Summer-blooming shrubs such as panicle hydrangeas, butterfly bushes, rose of sharon, and caryopteris bloom later in the season because they first grow that season’s new wood, then set buds on that wood that open soon after. (This explains, by the way, why your “regular” azaleas won’t bloom if a deer eats them in winter while butterfly bushes will.)
A reblooming jackpot occurs when a woody plant manages to muster two decent flower sets in the same year – an early one on last year’s old wood and a later one on that year’s new wood.
That’s the magic behind Endless Summer’s rebloom and many other woody rebloomers.
A third avenue is finding or developing plants with sterile seeds.
Plants flower not to please us but primarily to lure pollinators that will transfer pollen from the male part of one flower to the female part of another, leading to seeds and fruits that will make sure the plant continues on to the next generation.
If plants aren’t producing mature seed, a sort of reboot function goes into action in which the plant tries again with new flowers – i.e. a rebloom.
By finding, developing, and reproducing varieties that have sterile flowers, breeders can use this try-again trait to meet gardeners’ lust for ever-longer, ever-better yard color.
Sterile plants also have the side benefit of no unwanted seeding, which is useful for ensuring that a new introduction doesn’t turn into an invasive plant.
Not all so-called rebloomers do two distinct sets of flowering – one in spring and one in fall with a rest period between.
Some are more accurately “continuous” bloomers that just keep chugging along until they finally give up.

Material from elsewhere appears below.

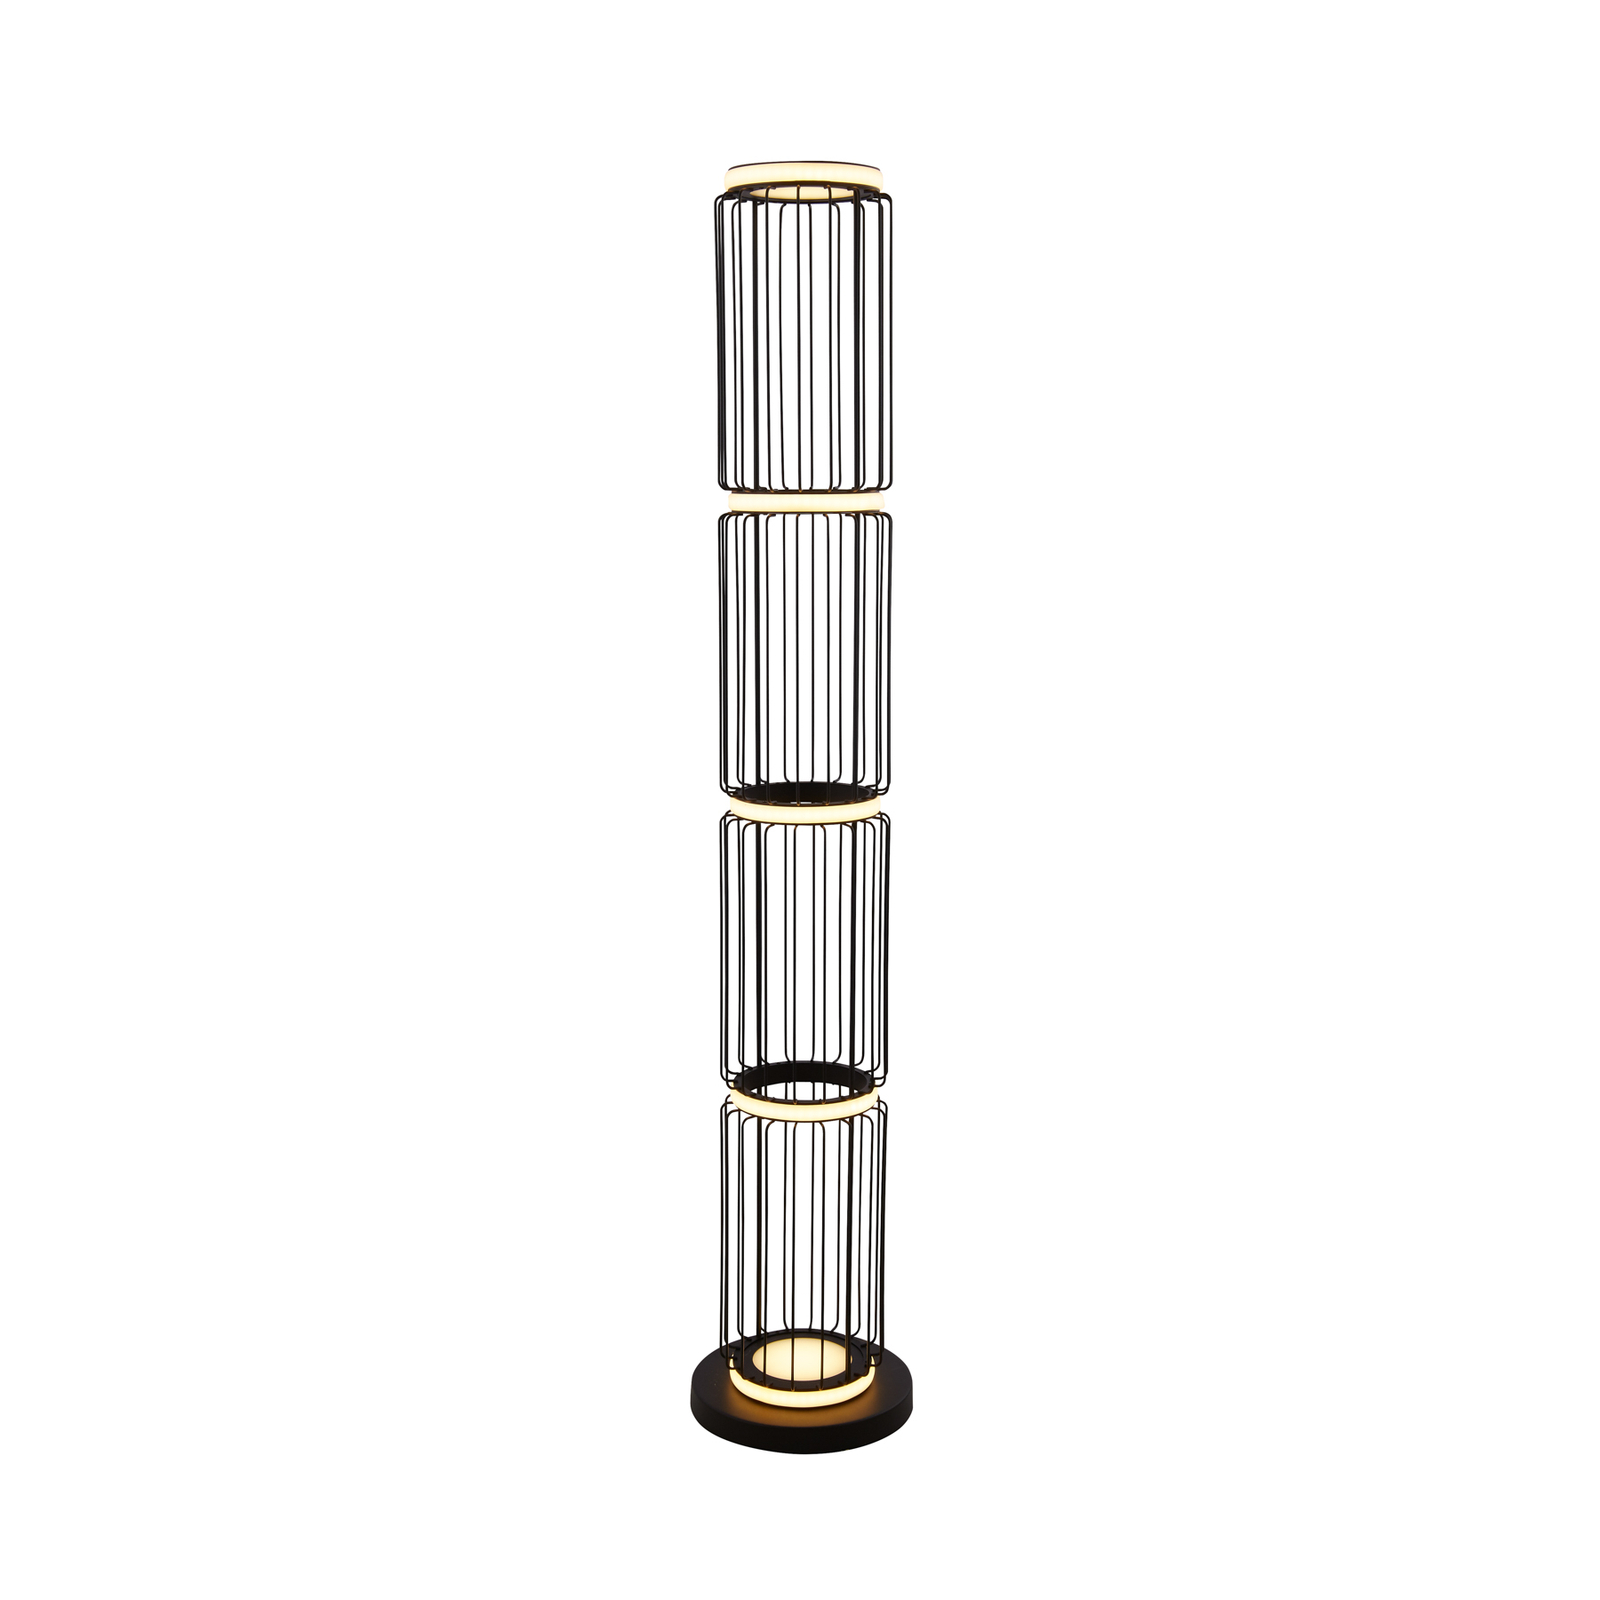 Cage LED floor lamp in cage design

That’s the case with many shrub roses as well several of the so-called new “reblooming” shrubs and the many reblooming perennials.
Although a few reblooming perennials, such as reblooming irises and reblooming daylilies, really do repeat-bloom, most of the above are just exceptionally long-blooming varieties. And most of those are encouraged when the gardener deadheads spent flowers or shears off the whole first round of browned-out flowers.
That prevents seeds from maturing, which diverts the plant’s energy and attention to trying again.
Some of the best cutback reblooming perennials are salvia, catmint, yarrow, coreopsis, hardy geranium, agastache, tall garden phlox, and dianthus.
With most any bloom over-achiever, a little extra fertilizer usually helps.
It burns a lot of energy keeping gardeners happy all season long.